12) So we now have an extremely general description of the concept of existence, with two main modes: the one of the mathematical spaces and the one of the physical universes. We can however envision a third mode of existence: the psychical universes© (note 93 on the use of ©) and more generally consciousness. We shall discover this third existence mode in chapter III-8, and we shall study it in the fifth part on consciousness. For now we easily guess that such universes are not formed of «matter», but directly of the objects of the consciousness experience: images, sounds, feelings, emotions, thoughts, linked by self generation laws with a type of logic proper to this kind of objects. Dreams are common examples of this third existence mode, and we can see these laws at work in the generation of their scenarios. See chapter V-8.
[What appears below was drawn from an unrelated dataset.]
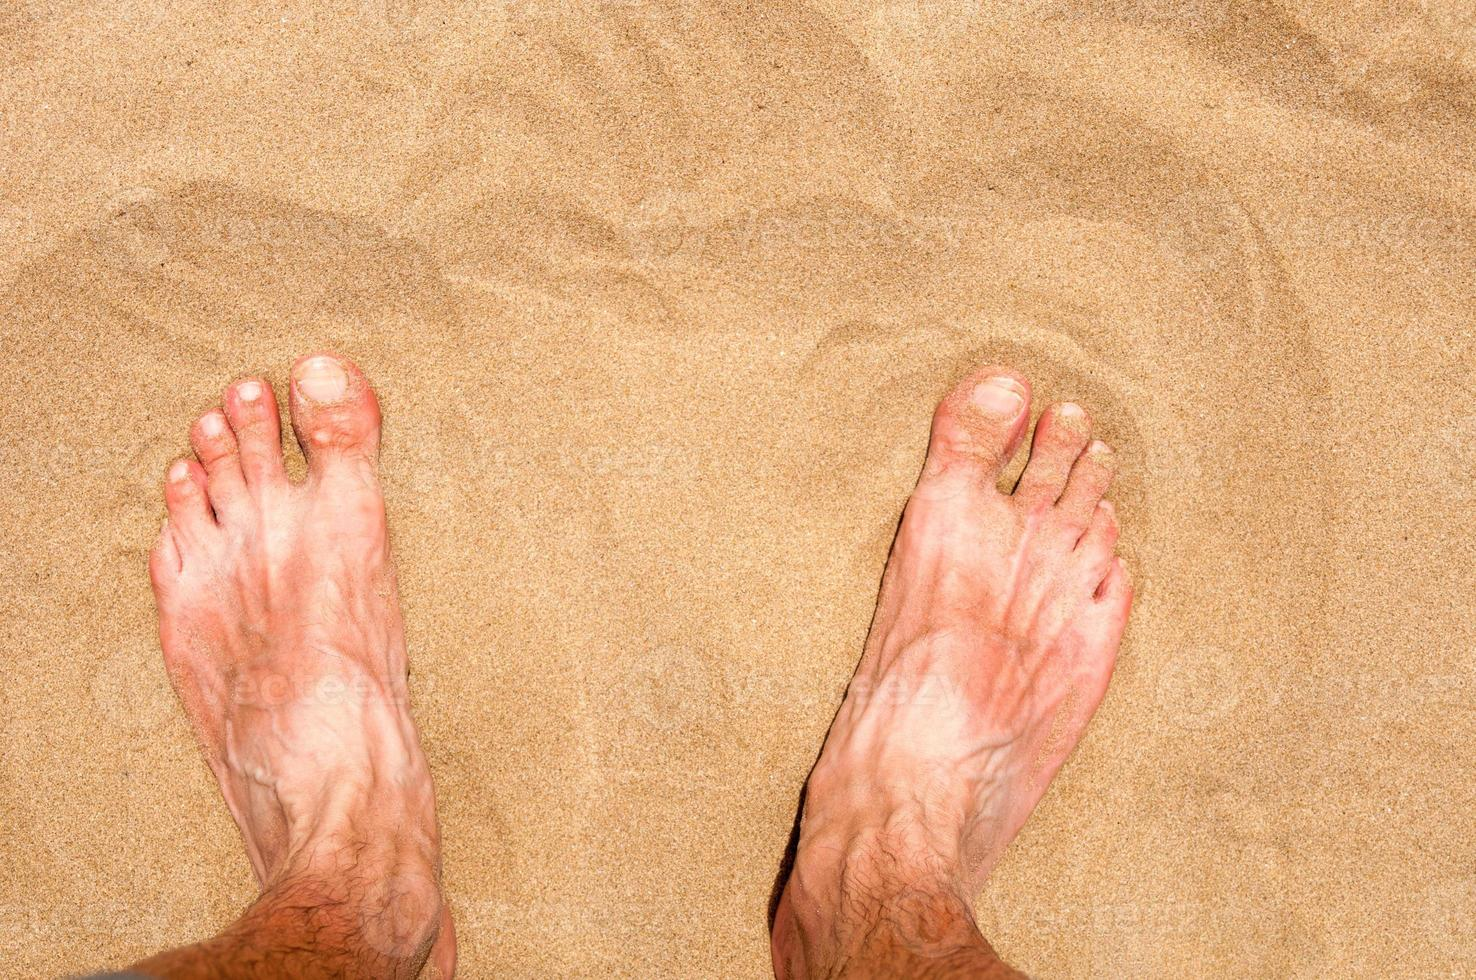 mannelijke voet op zand foto

Perhaps exist other different modes, but it is now rather difficult to imagine what they may be...

 

Added in October 2021: since 1999 that I proposed the Logical Self-Generation Theory, physicists should all know it. In fact, some of them are starting to  independently rediscover  its bases themselves, under my amused gaze, with the «Causal Sets Theory», where space-time is no longer continuous as in Relativity or in Quantum Field Theory, but formed of discontinuous elements, which linking produces the flow of time. We even have the reference to the Sets Theory. However, these are not yet «nibs», but still «something» elementary. We owe this theory to Bruno Bento, from the University of Liverpool. See articles on Science Alert and on Arxiv.
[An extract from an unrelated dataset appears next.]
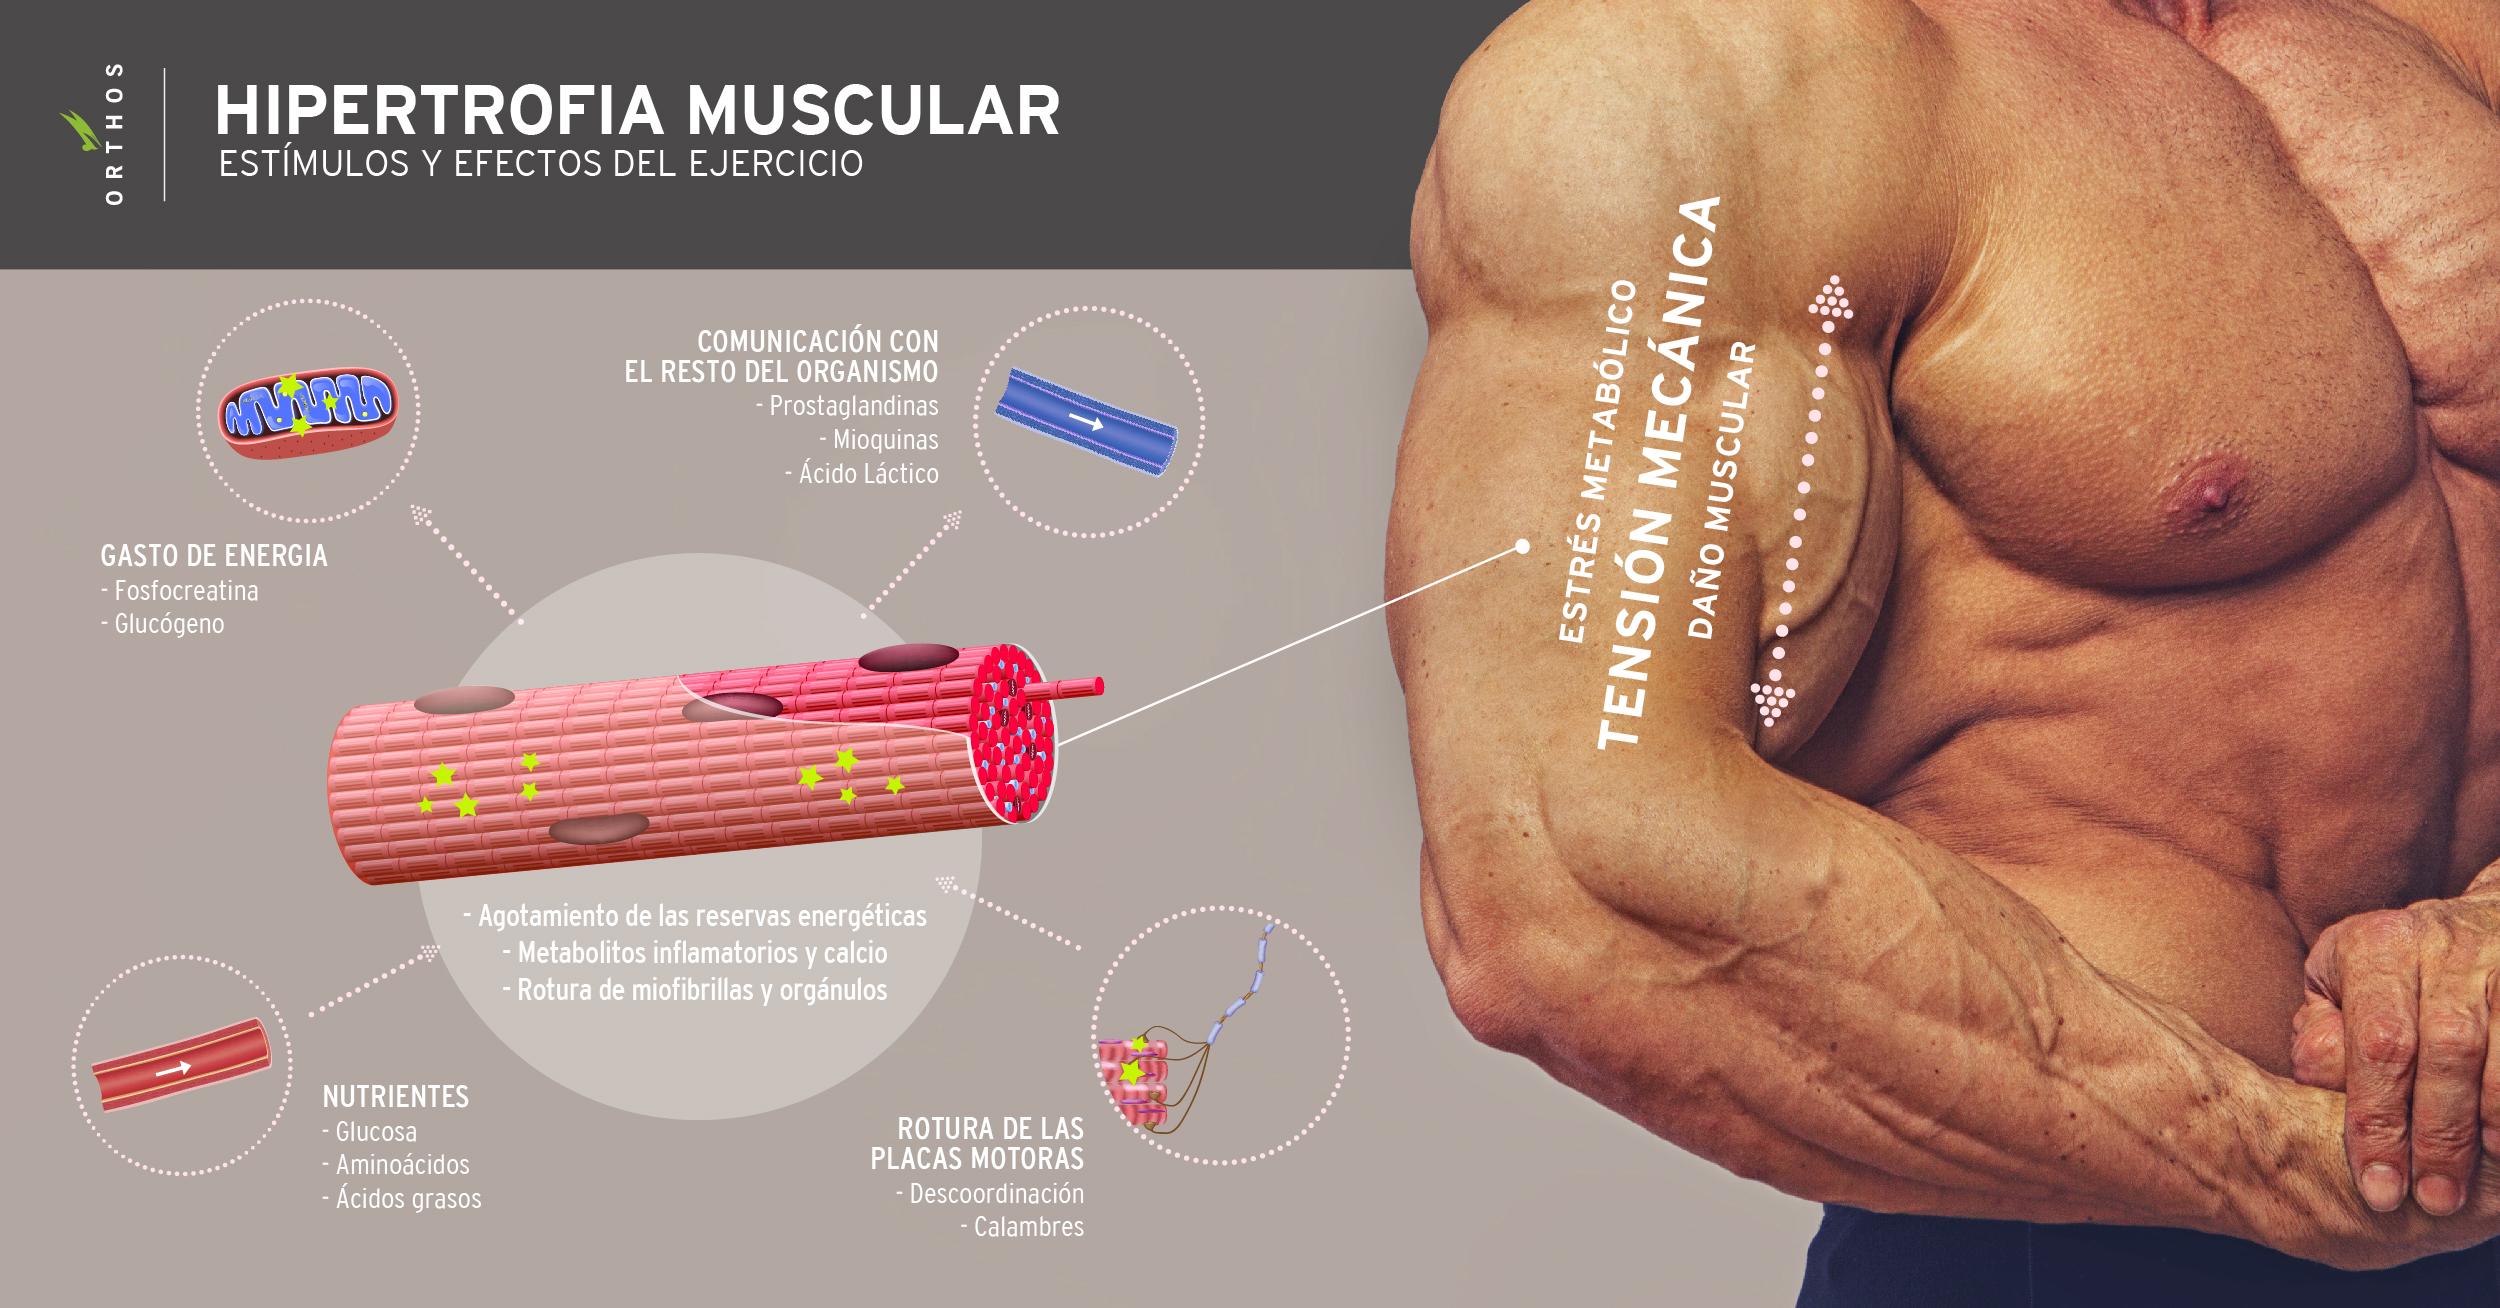 Enseñanza Orthos. Escuela de formación Deportiva. Hipertrofia muscular

And of course I claim antecedence for 1999. After 20 years there is no ambiguity. Even not the same millennia, lol

Buddhist metaphysics

(Permalink) Buddhism is the only spiritual though stream which developed a metaphysics which is not based on the a priori statement of the existence of such or such object or entity. For this reason, we can speak of it into a science reflection.

 

The axis of the Buddhist doctrine is the notion of emptiness: things do not exist in an absolute way, but in interdependency the ones of the others, according to the cause to effect law (what we call logical implication, or the self generation process). As nothing exists in an absolute way, how do things exist? In a relative way, the Buddhist masters reply. To understand this, we must consider that, as no object can be its own logical cause, thus no object can exist absolutely, by itself, without cause. The objects we can see (physical, mathematical, spiritual...) exist only as the logical consequence of other objects. For these objects to exist, each must be the cause of the other. Thus each exists only relatively to the other, and they are said to have a relative existence, that they are interdependent. All the objects generated in the step also exist only relatively to the firsts.
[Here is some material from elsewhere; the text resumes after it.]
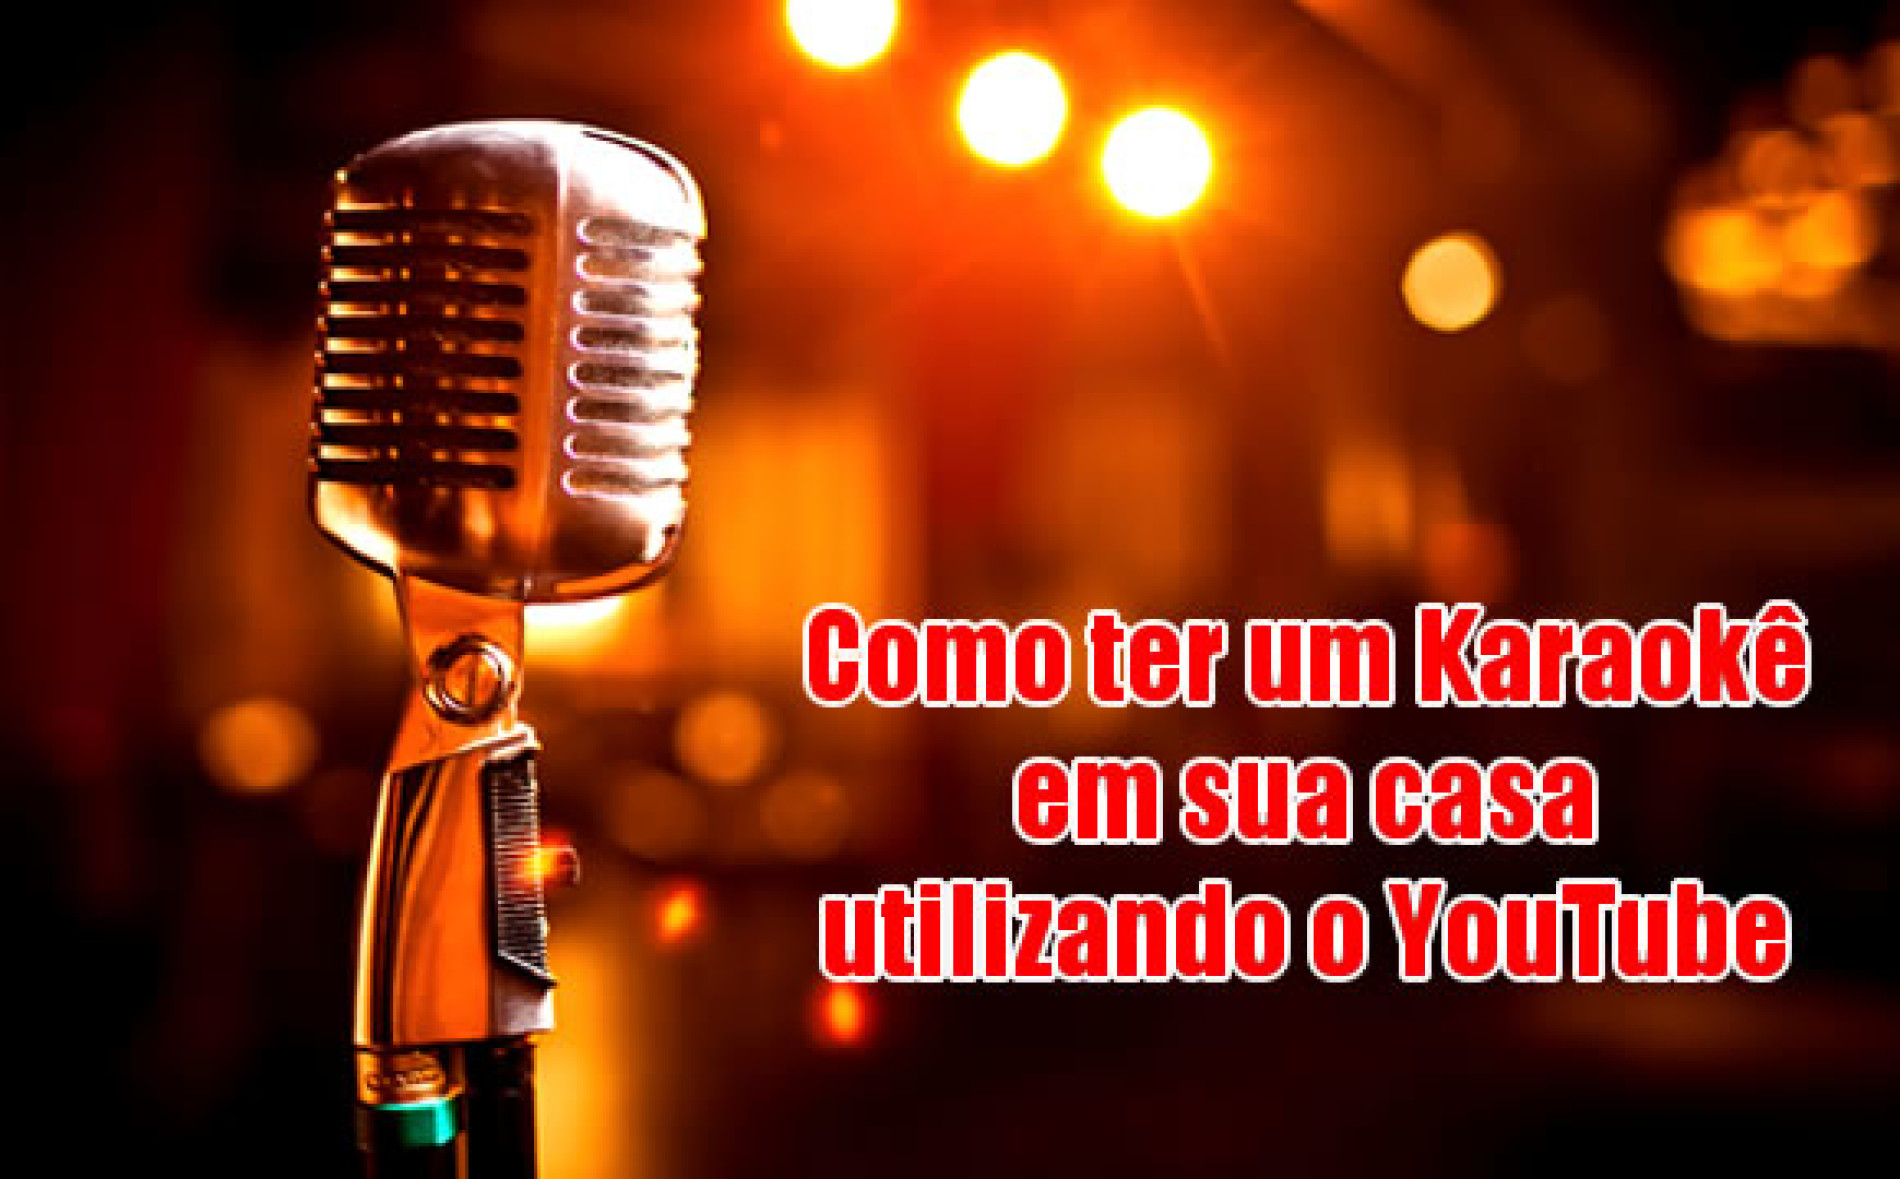 Como ter um Karaoke em casa com o YouTube

However Buddhist metaphysics eludes the need for a beginning (divine creation, or Big Bang), with assuming that the universe and Earth exist since an infinite time. The reason is that a beginning would require an absolute cause, that precisely Buddhism rejects. Modern science has however shown that the universe evolves, and that it appeared from an event we call the Big Bang, before which time itself did not existed. The notion of founder paradox, however, solves the problem and reconciles the two views, as it can start something without absolute or pre-existing cause, with a unique and well delimited exception to the cause and effect law. With this adaptation, we can say that Buddhist metaphysic is an antecedent to this book. However in this book we correlate our vision with the vision of modern physics, that we must explain exactly.

 

(It is to be noted that only an intellectual understanding of the Buddhist concept of Emptiness is by far not enough to obtain the spiritual realisation of Emptiness, or Arhat state. This requires years of thorough meditation.)